1. Does saving the Viaduct concentrate investment in smart and targeted ways? YES. Leveraging tax dollars (especially PennDOT's $1.26 million in demolition off-set funds) in order to invest in an existing asset is that is currently serving as a critical non-vehicular connection between neighborhoods.
2. Does saving the Viaduct support other assets or establish a new city-wide asset? YES. Stabilizing the Viaduct for continued non-vehicular use maintains an existing asset (a $15 million dollar bridge grandfathered in from ADA requirements that maintains rare "air rights" over the railroad tracks) that protects children and adults walking and riding bikes and connects other existing Eastside assets, and, will help establish a NEW city, regional and national asset that will be reviewed in both national and international urban design, social justice, environmental justice, civil rights and news publications.
3. Does saving the Viaduct make adjacent real estate more attractive to strong households?
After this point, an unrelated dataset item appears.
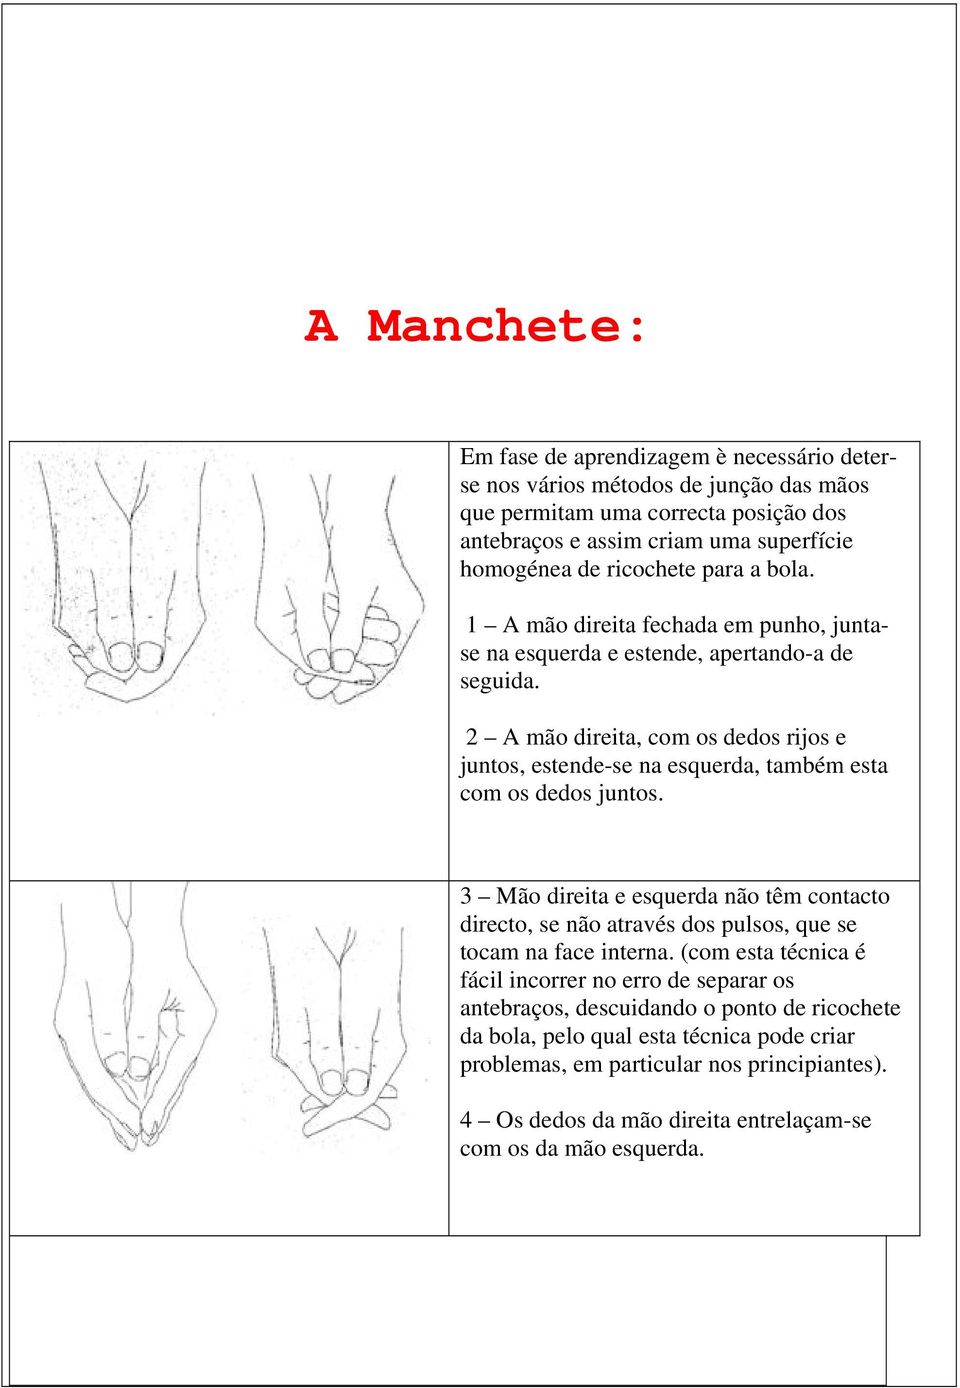 2 A mão direita, com os dedos rijos e juntos, estende-se na esquerda, também esta com os dedos juntos.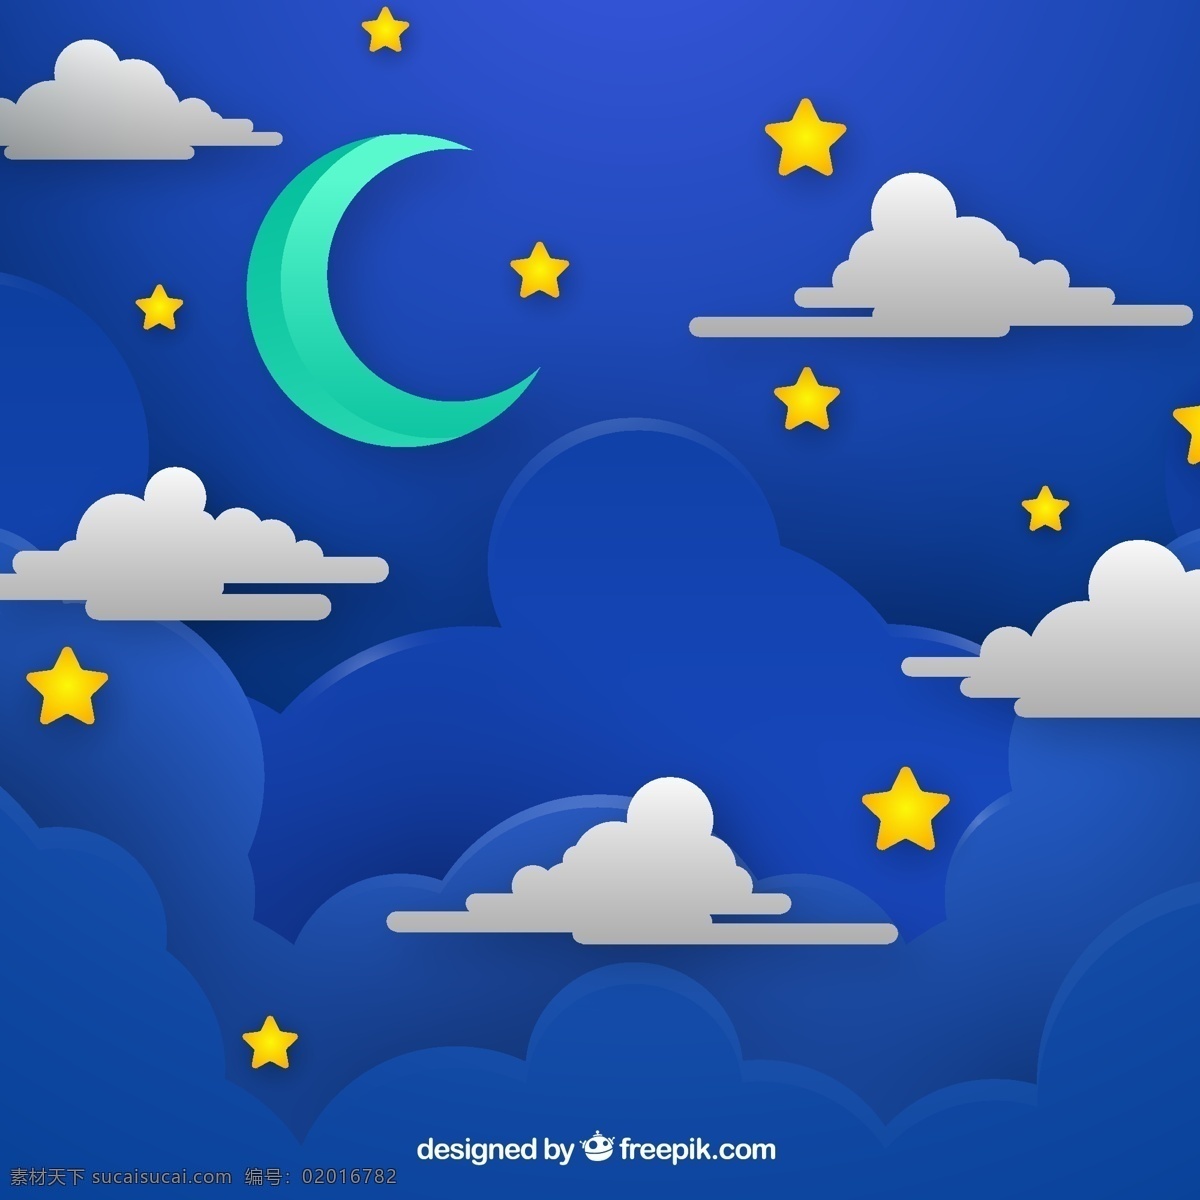 创意 夜晚 天空 月亮 云朵 星星 动漫动画 风景漫画

YES. Saving the Viaduct will begin an Eastside Erie transformation by bringing positive attention, business and jobs to East Avenue thus strengthening the neighborhood. In fact, there is no other location in Erie that is more dependent on this type of iconic non-vehicular connect than the diverse and impoverished neighborhoods surrounding the Viaduct.
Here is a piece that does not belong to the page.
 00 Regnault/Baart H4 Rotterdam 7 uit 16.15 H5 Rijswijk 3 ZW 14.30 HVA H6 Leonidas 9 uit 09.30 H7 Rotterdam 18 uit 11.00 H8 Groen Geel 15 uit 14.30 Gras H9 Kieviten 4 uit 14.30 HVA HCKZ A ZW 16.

4. Does saving the Viaduct support Erie's orientation to human-scaled or pedestrian activity? ABSOLUTELY! There is no other single project being proposed in Erie that will provide so much vital urban connectivity for such a small investment.
5. Is there money to save the Viaduct? YES. The existing funds now slated for demolition will all but cover the bare-bones $1.35 million needed to clean the storm drains, fill the pot holes and remove and seal the spalling concrete.
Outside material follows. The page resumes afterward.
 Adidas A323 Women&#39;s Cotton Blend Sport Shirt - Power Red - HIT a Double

6. Does the opportunity cost make sense? ABSOLUTELY - in fact it is foolish NOT to save the Viaduct, a bridge providing a non-vehicular pathway that protects public health and public safety.
7. Is there a feasible plan to take care of the Viaduct over the long-run? YES - once the $1.35 million is used to make basic repairs for non-vehicular use, the maintenance costs drop to under $5,000 a year to clean the storm drains. Since 22-ton trucks won't be damaging the deck, nor carrying loads of soot, and since the decades of neglect will end, there will be very little work necessary to maintain the hulking, massively-built structure. ErieCPR will, as LEAF has done in Frontier Park, work in partnership with the City to maintain and enhance this amazing, irreplaceable asset that has been recognized by five national experts and The New York Times.